--- START ---

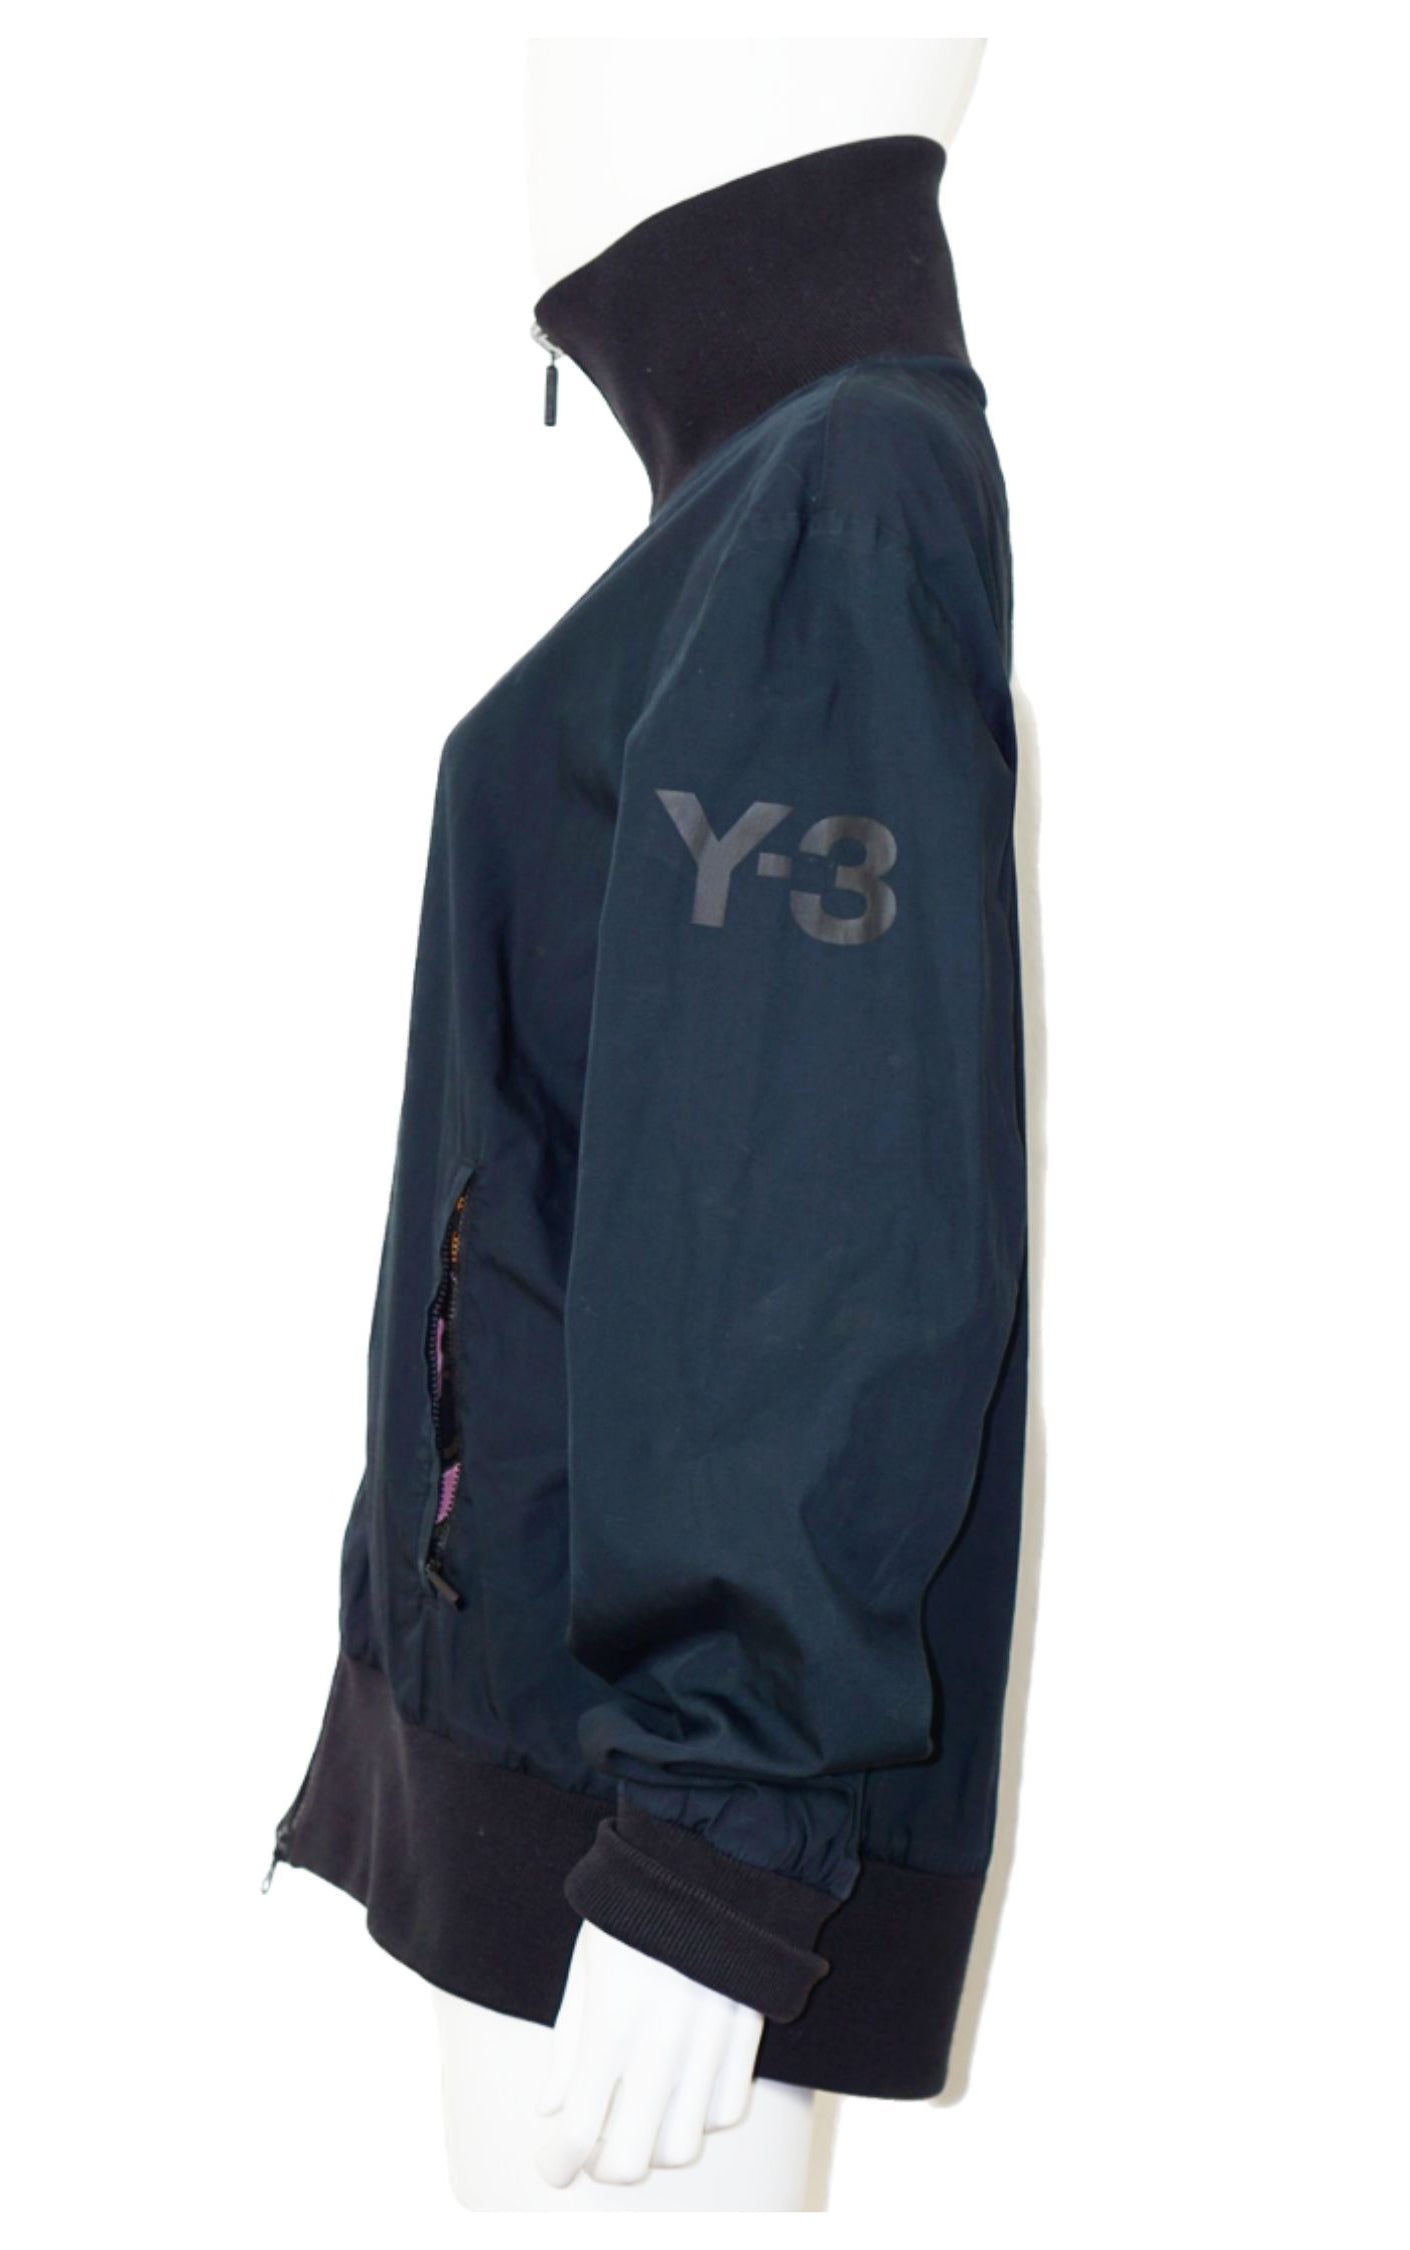 Y-3 Yohji Yamamoto Reversible Zip Track Jacket resellum
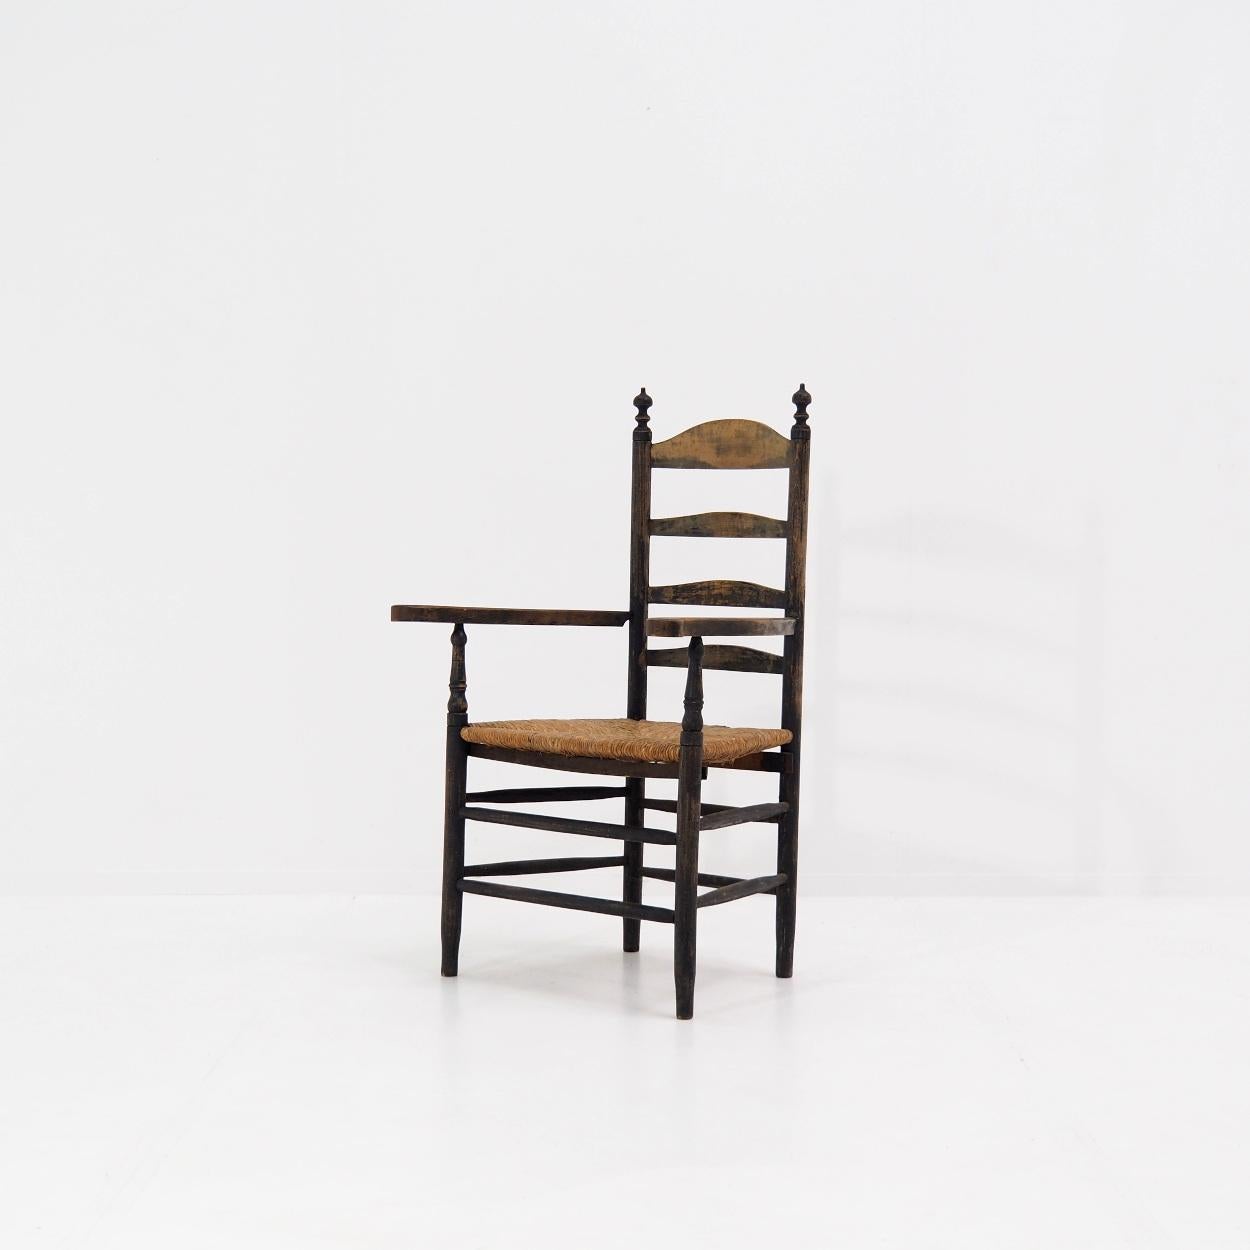 Chaise ancienne à dossier en échelle des Pays-Bas.

La chaise a conservé sa patine d'origine due à l'usure naturelle, avec une peinture d'une couleur sombre, presque noire. En même temps, le bois d'origine est visible à d'autres endroits.

La

--- END ---

▶ [TASK BRIEF]: Pictures stay out; print everything else in the data exactly.

▶ [WRITTEN SOLUTION]:
 Y-3 Yohji Yamamoto Reversible Zip Track Jacket resellum
 Chaise ancienne à dossier en échelle des Pays-Bas.

La chaise a conservé sa patine d'origine due à l'usure naturelle, avec une peinture d'une couleur sombre, presque noire. En même temps, le bois d'origine est visible à d'autres endroits.

La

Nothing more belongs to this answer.